I have blogged here, here and here on the debate speculating about when the global economy would start its recovery. Ben Bernanke in a recent interview expressed his belief that he is seeing "green shoots" showing up in the economic landscape. James Galbraith described it as "compulsive optimism", an example of "grasping at straws", and advocated repressing such beliefs.
The graphic from NYT shows that since the Great Depression, the US economy's industrial production capacity have dipped this low only once in the early 1980s.
It is estimated that the economy is running at a shortfall of more than $1 trillion in annual sales and other transactions, and it may be sometime before the economy is back to normalcy and its full production potential (it took the US economy seven years to recover after the 1981-82 recession). Manufacturers are using less than 68%of the nation’s factory capacity, the lowest level since records were first kept in 1948. Excess capacity, once entrenched, perpetuates itself - companies cannot hire workers to make more goods and provide more services until their sales go up, and people can’t buy goods and services until they are hired.

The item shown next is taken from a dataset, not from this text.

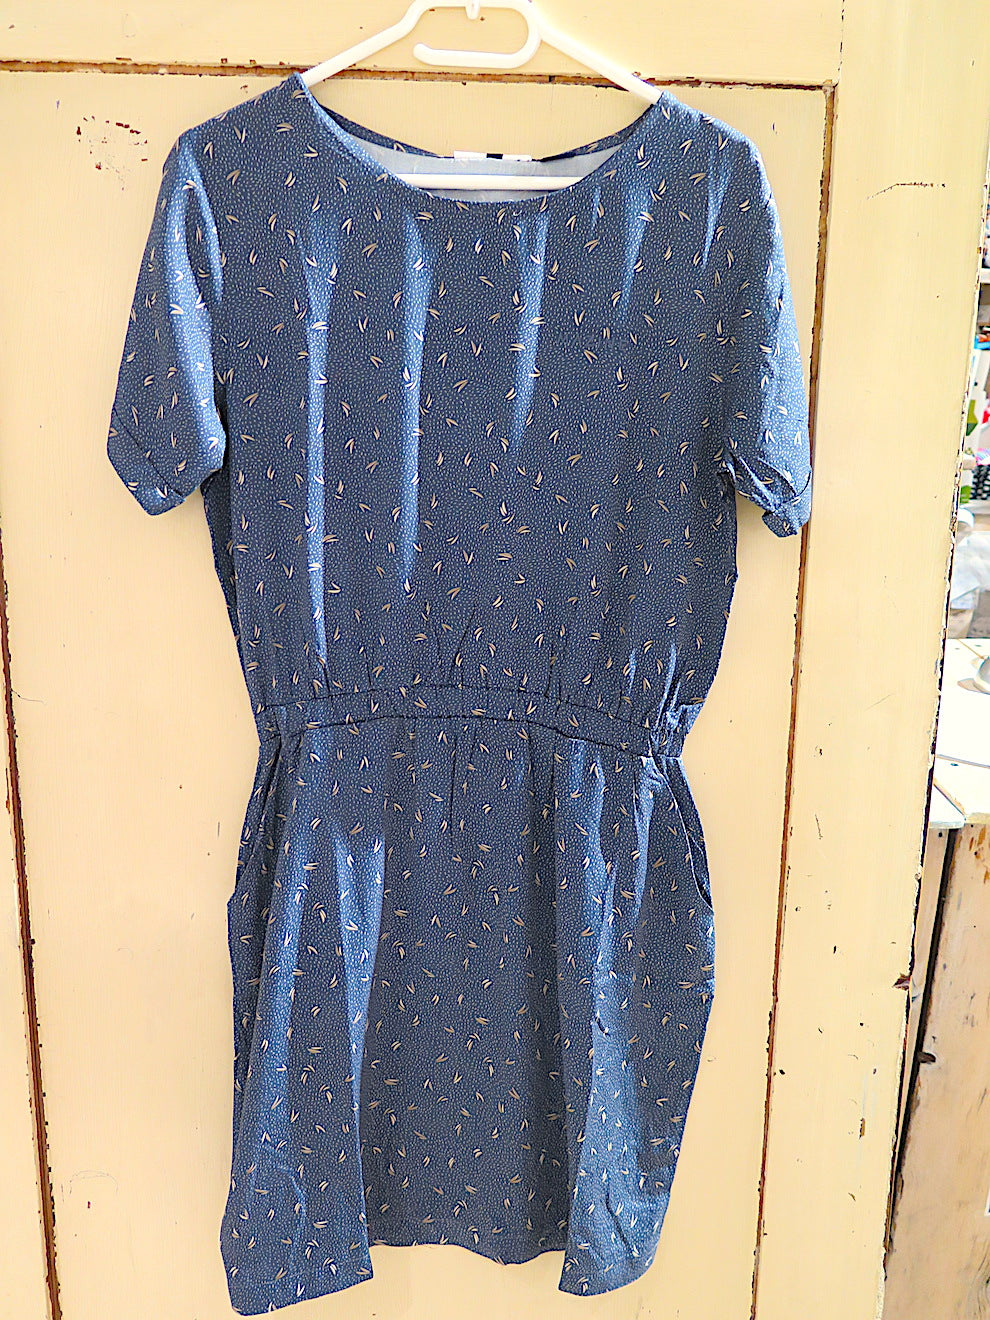 Mazine Valera Dress- ink blue printed

The unemployment gap is substantial, and would require many years to get back to normalcy. The notional unemployment figure of 8.5% tells only part of the story. The BLS reports that more than 24 million men and women, or 15.6% of the labor force, are either hunting for work or working fewer hours than they would like to work, or are too discouraged to seek work, although they would take jobs if offered them. The ranks of this "underutilized" group — the bureau’s label — are up by 10 million since early last year. Generating work for so many people would take several years, even if the nation’s employers began hiring robustly.